Кто им сейчас командовал, Михаил Лукич не понимал — Денис ли, Василий ли. Да это и не важно. Его собрало всего, натянуло, и он перестал различать голоса. Он только чувствовал, как сзади нацеливается на него аппарат и боязливо ждал, что штука эта опять застрекочет. Это как на фронте раз было. Ехал с походной кухней. Поле голое, как стол, жарища. У дороги — одна разбитая машина колесами на сторону. Внимания на нее не обратил, потому что давно уж она тут торчит. Тишина такая, будто ничего живого на земле не осталось. И вдруг этот звук из-за машины: густой, частый, дробящий какой-то. И четыре шлепка об железо и об лошадиное мясо. Но все эти звуки были, когда он уже лежал на земле. А как он на ней очутился, какая сила скинула его с кухни? Вроде как спиной почувствовал вскинутое дуло. И глухота какая-то наступила. Кинул в машину гранату, а взрыв ее только видел — звука от него не было. И Кайзер бил копытом в землю, пыль и мелкую крошку из нее выбивал, а не слыхать, что бьет. Даже интересно стало: чего же это с ним сделалось, куда весь звук у него пропал? Ощупал голову, потер уши, посвистел, выругался — слышно. Так и не понял, что с ним тогда было. И теперь немота кругом, одна спина слышит, как Денис нацеливает сзади свой аппарат.
Сзади застрекотало. Михаил Лукич сбился с ноги, но все-таки прошел сколько-то шагов вперед. Камера смолкла. Денис догнал его, пошел рядом.
— Ну вот, начало есть. А вы чего это?
— Боязно, в спину-то стрекочет…
— Да ведь это не пулемет.
— А все одно нехорошо чего-то. Аж вот спину заломило.
— Ну, больше мы сзади не будем снимать.
Солнце подымалось быстро, будто торопилось к полдню. Когда вышли на гарь, оно уже было выше леса и раскалилось, поблекло, из лучистого стало слепящим и жарким.
— Ну, будет сегодня жару! Вона сушит как, вона колышет, — заключил для себя Михаил Лукич, оглядывая гарь.
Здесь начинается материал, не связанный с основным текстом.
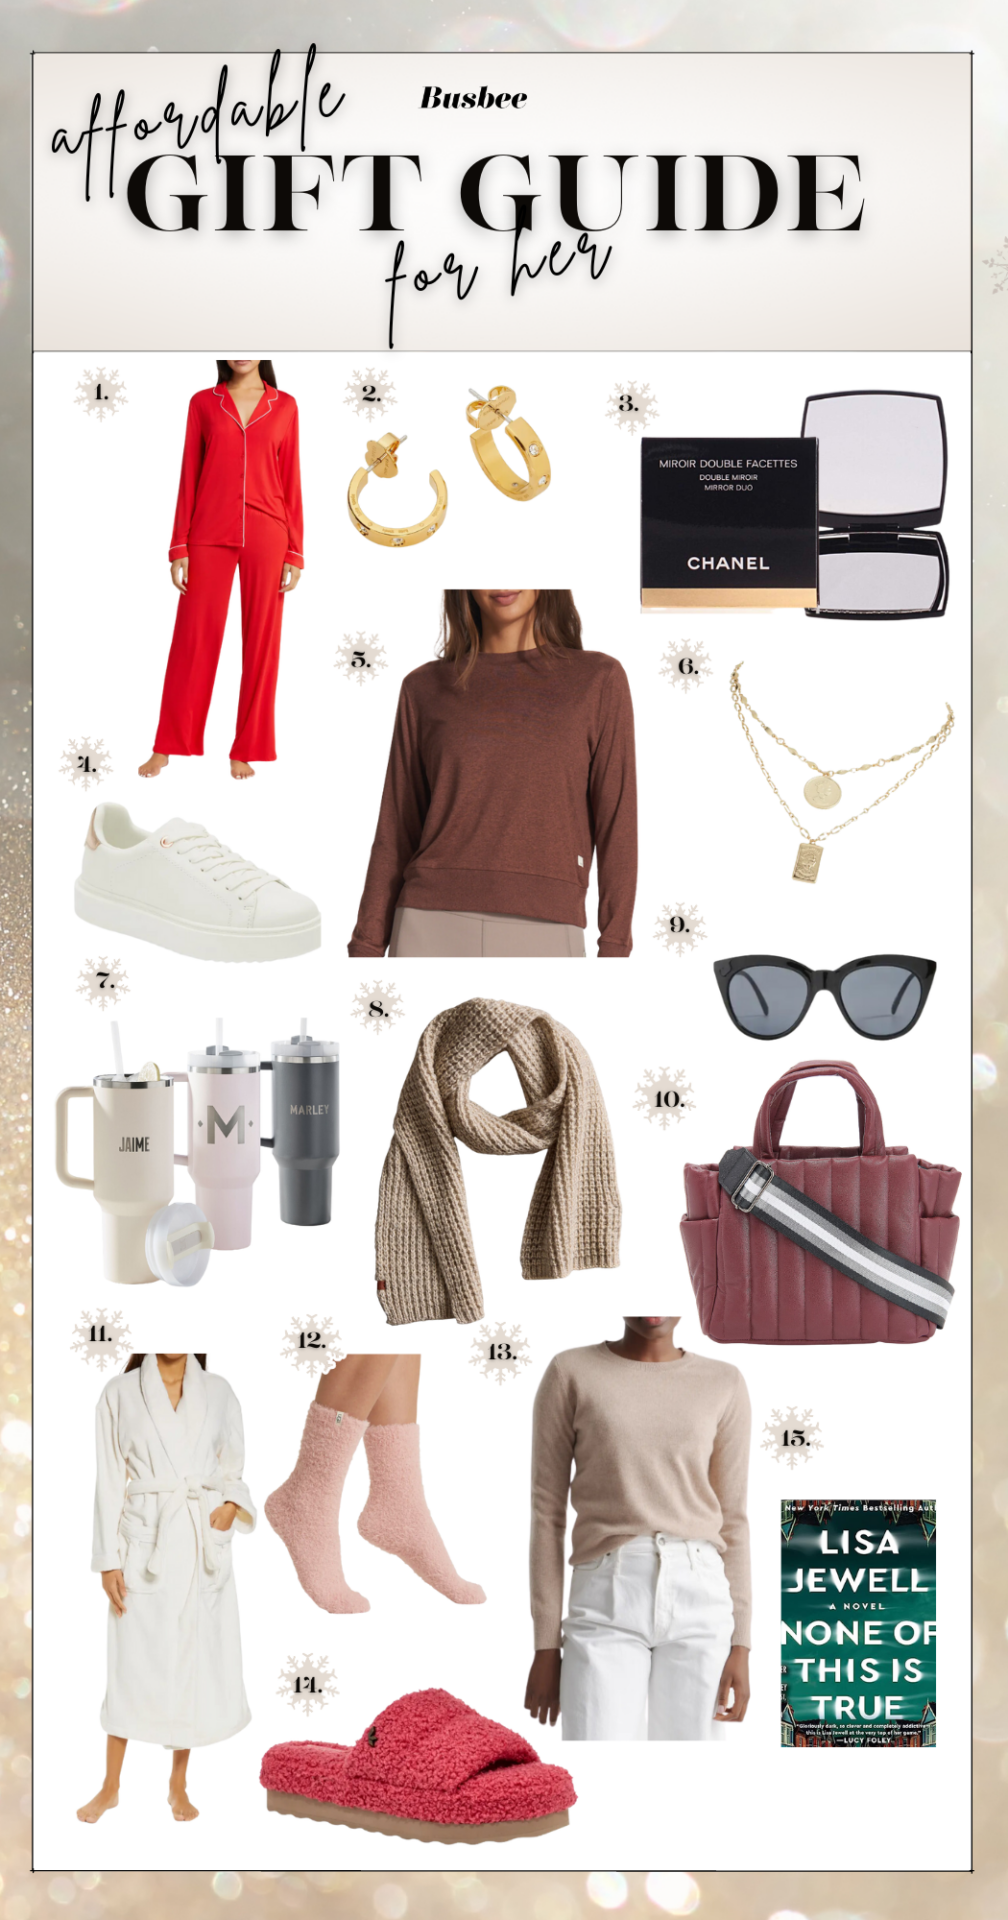 The Best Nordstrom Gifts 2022 to Shop This Holiday Season | Vanity Fair

В конце кочковатой поляны старик полез прямиком через жесткую траву, ругаясь, что она вымахала тут в нечистую силу — косы на нее нет! Перед большой старой плетенкой из соломы он остановился, подождал, когда продерутся поближе гости.
— Вота копи-то мои золотоносные! — показал он на плетенку, стащил ее в сторону и раздвинул плотно лежащие жерди. Под жердями были ступеньки — белые от росы, будто заиндевевшие. — Вота моя-то глина где! Не то што у Кондратия. Ну-ко, ступи который голой-то ногой — ошпарит. — Старик опустился на колени, смахнул ладонью росу с верхней ступеньки, быстро понюхал ладошку и вытер ее о штаны. Яма пахла холодом, лесной прелью и свежей глиной. — Вота куды стрекотать-то надо, Денис. Это вот яма! Батька ее, Лука зачинал, да я, считай шесть десятков — три войны выбрось — из ее беру. И все еще дает, не скудеет.
— А княжьи скудельники разве не тут же глину брали? — пошутил Денис.
— Жила-то, может, и та же, а яма ихняя ближе к Стретенью была. Тама уже выбрано все. Поди, и следов не осталось. А глина-то одна. Старый-то черепок возьмешь — и видать ее.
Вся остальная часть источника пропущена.